Caracas caminable

Foto original de Caraota Digital

A mi siempre me ha gustado caminar. Una ciudad no lo es sino se puede caminar. Caminar de un extremo a otro. Del centro a la periferia. Yo me precio de haber pateado Caracas. Una vez me quedé sin dinero y caminé desde Los Cortijos hasta La Candelaria. A principios de los 90 con algo de cuidado pero sin paranoia caminaba desde la Avenida Maria Teresa Toro hasta Chacaito a pie. Con unos amigos luego de haber terminado una edición del periódico. También caminaba de Las  Mercedes hasta Chacaito para agarrar el carrito que luego de una buena rumba me llegaba a la casa de La Candelaria. Más de una vez atravesé al borde de la noche el Parque Los Caobos cuando se podía atravesar. Caminaba también desde el Café Rajatabla y sus predios  hasta el norte de la candelaria. Y por supuesto desde la UCV a cualquier lado: a la casa del profesor, a Letras el periódico universitario en sus distintas sedes. O del Bar Norte seis en la Baralt hasta las Fuerzas Armadas. También he caminado para que otros descubran mi ciudad y suelo ofrecerme a cuanto extranjero me tropiezo para echarle cuentos del cuadrilatero histórico de la ciudad, de las tablillas del Teatro Municipal,  de la obra de Villanueva en el centro, de los falsos históricos que lo pueblan, de la vieja sede de la Universidad de Caracas (o sea la UCV, palacios de las academias) o del Panteón Nacional. También he recorrido La Vega y San Agustín en San Juan y por supuesto los siete templos en semana santa con mis abuelas.  Y claro, cuando viví en la décima transversal de los Palos Grandes con Cuarta Avenida caminaba hasta Evios Pizza, La Francisco de Miranda y por supuesto hasta la Tasca de Juancho en Chacao. Fuera de día o de noche. Fue caminando al Radio CIty el insólito miércoles en que me enteré la muerte de Cayayo y llevé la noticia al  Gordon Bleu por supuesto caminando. También caminando una noche para un concierto en el Anfora de Oro me detuvo la Disip en Bello Monte y me interrogó por una hora. De allí salí caminando asustado hasta que una chica y los Amigos Invisibles me hicieron olvidar aquella noche. Siempre digo que conozco la ciudad porque la he caminado. Me ha tocado ir al Guarataro para reuniones políticas, a Petare para dar talleres de periodismo o para hacer entrevistas.

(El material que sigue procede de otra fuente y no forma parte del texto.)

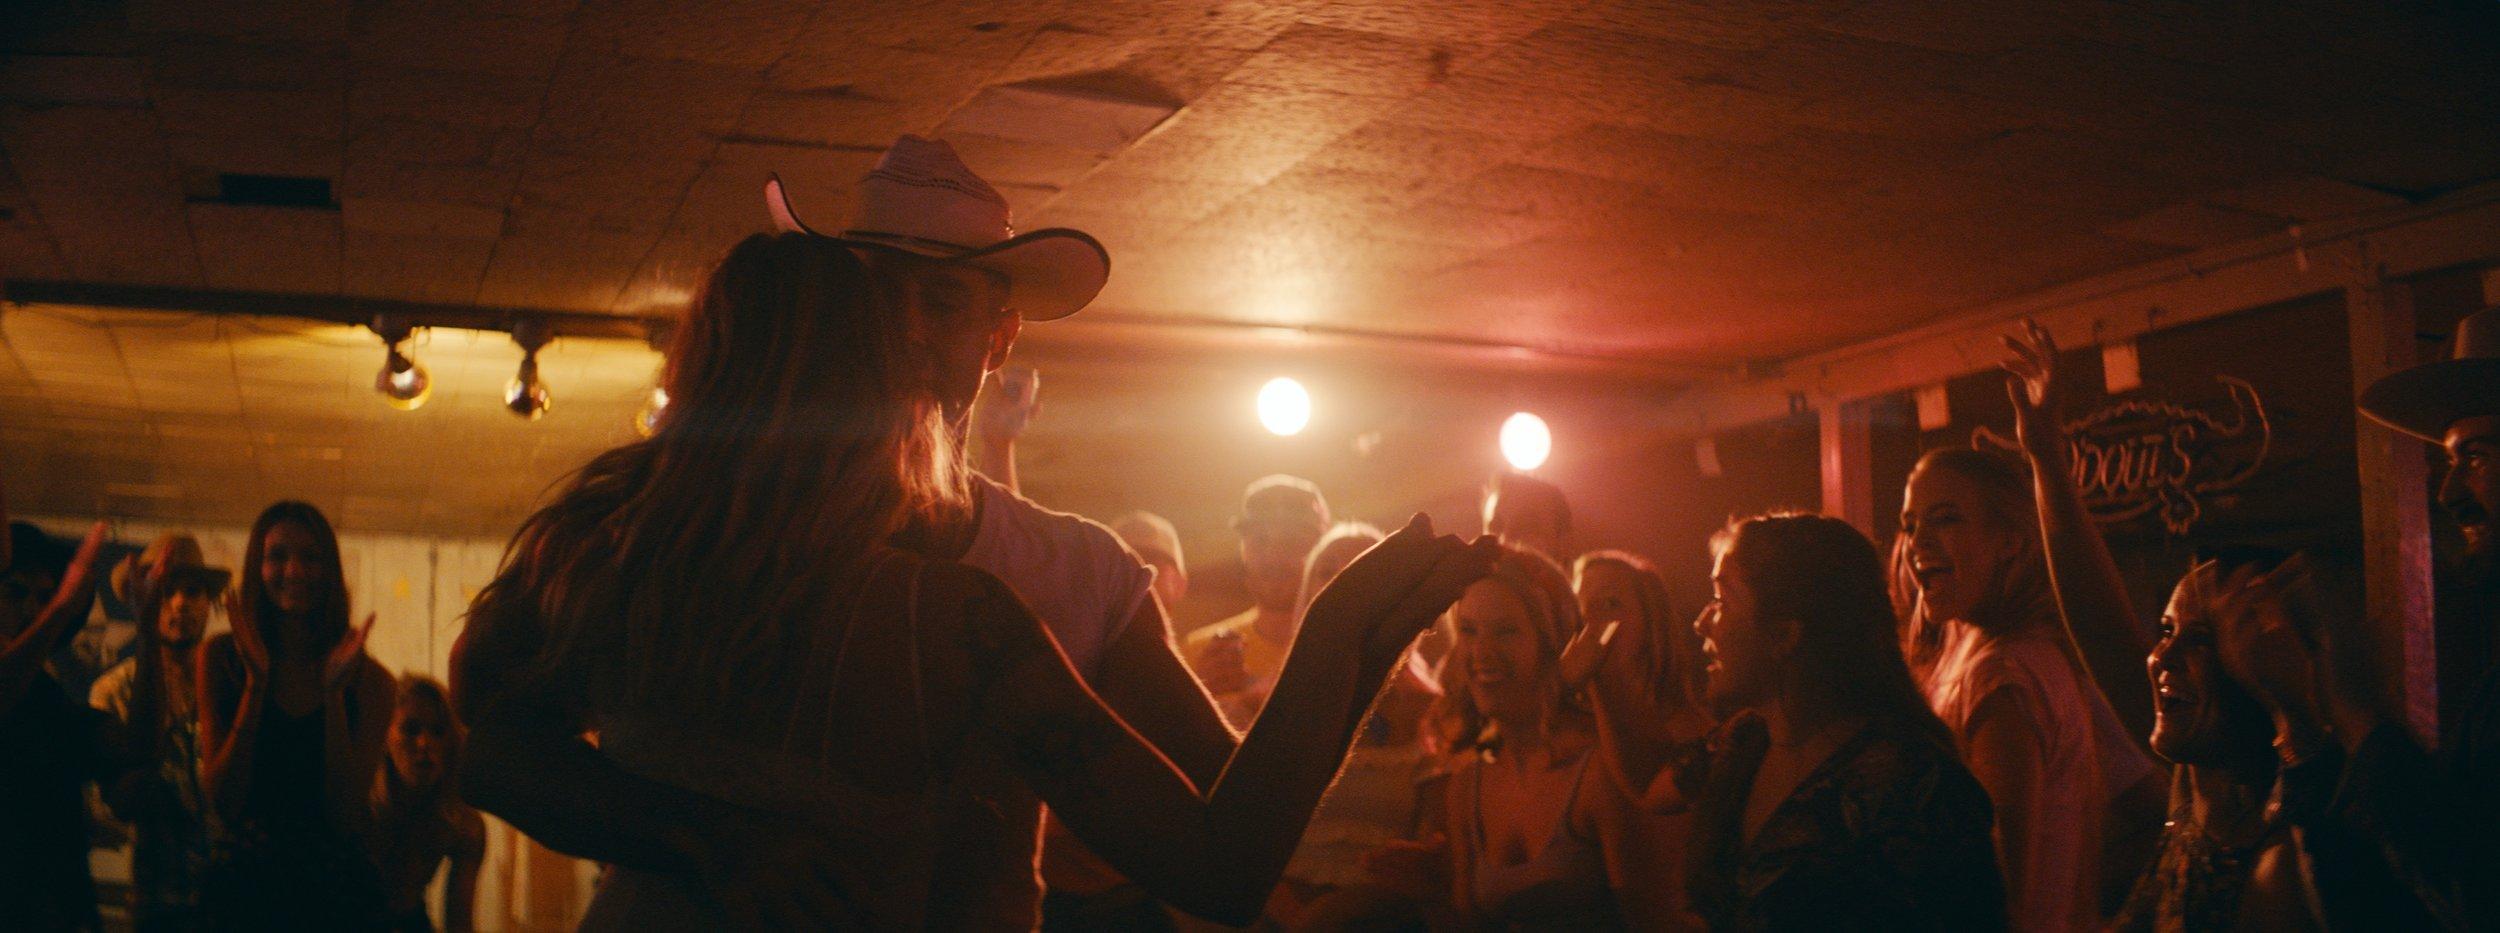 BS_Dance_BETTYBAR.jpg

O a Catia porque de allí es toda mi familia aunque ahora vivan en San Martín o El Paraíso que también me he pateado. Por supuesto he caminado Caracas en marchas políticas  desde que tengo uso de razón.

Pero Caracas no es todo lo caminable que debería ser. Que se merece ser. Siempre tenemos algo que interrumpe la caminata: Un elevado, un parque enrejado, unas aceras destruidas,unas calles inseguras o poco iluminadas o sencillamente una autopista. Tenemos una ciudad en la que buena parte de los habitantes sólo la conocen en carro a través de 3 o cuatro arterias  que son vías rápidas para el desconocimiento de la ciudad y del otro.

En Caracas siempre el peatón está sobreviviendo. Porque no siempre hay rayados, porque para los conductores no existe la prioridad peatonal, porque se montan en el rayado y  uno peatón se termina acostumbrando a cruzar por cualquier lado.  Porque uno no ha visto al primer fiscal de tránsito que multe a un conductor por impedir el paso de un viandante o por echarsele encima.

Si uno vive en el eje norte de la ciudad, pero no muy al norte puede medio caminarla pero basta tratar de caminar hacia el sur para que sea casi imposible. Tratar de caminar  de las Fuerzas Armadas a El Valle es casi un turismo de aventura extrema en la que por momentos te quedas en algún lado sin acera. O si quieres pasar de la parroquia el Recreo a a Bello Monte no hay forma sin que se arriesgue la vida en ello por la calle de los hoteles, por detrás del Centro Comercial o por el Rosal entrando a Las Mercedes. Para no hablar lo que puede significar tratar de caminar de Las Mercedes hasta El Concresa o La Trinidad. O simplemente tratar de llegar de El Cafetal a Las Mercedes o a La Carlota. En algunos casos puede ser posible de manera tortuosa en otros la resolución es imposible.

Uno debería poder caminar su ciudad  viva dónde viva. Sea en el centro, en un barrio, en el este del este, en el oeste o en el sur del sur. Hacerlo posible empieza dando un primer paso.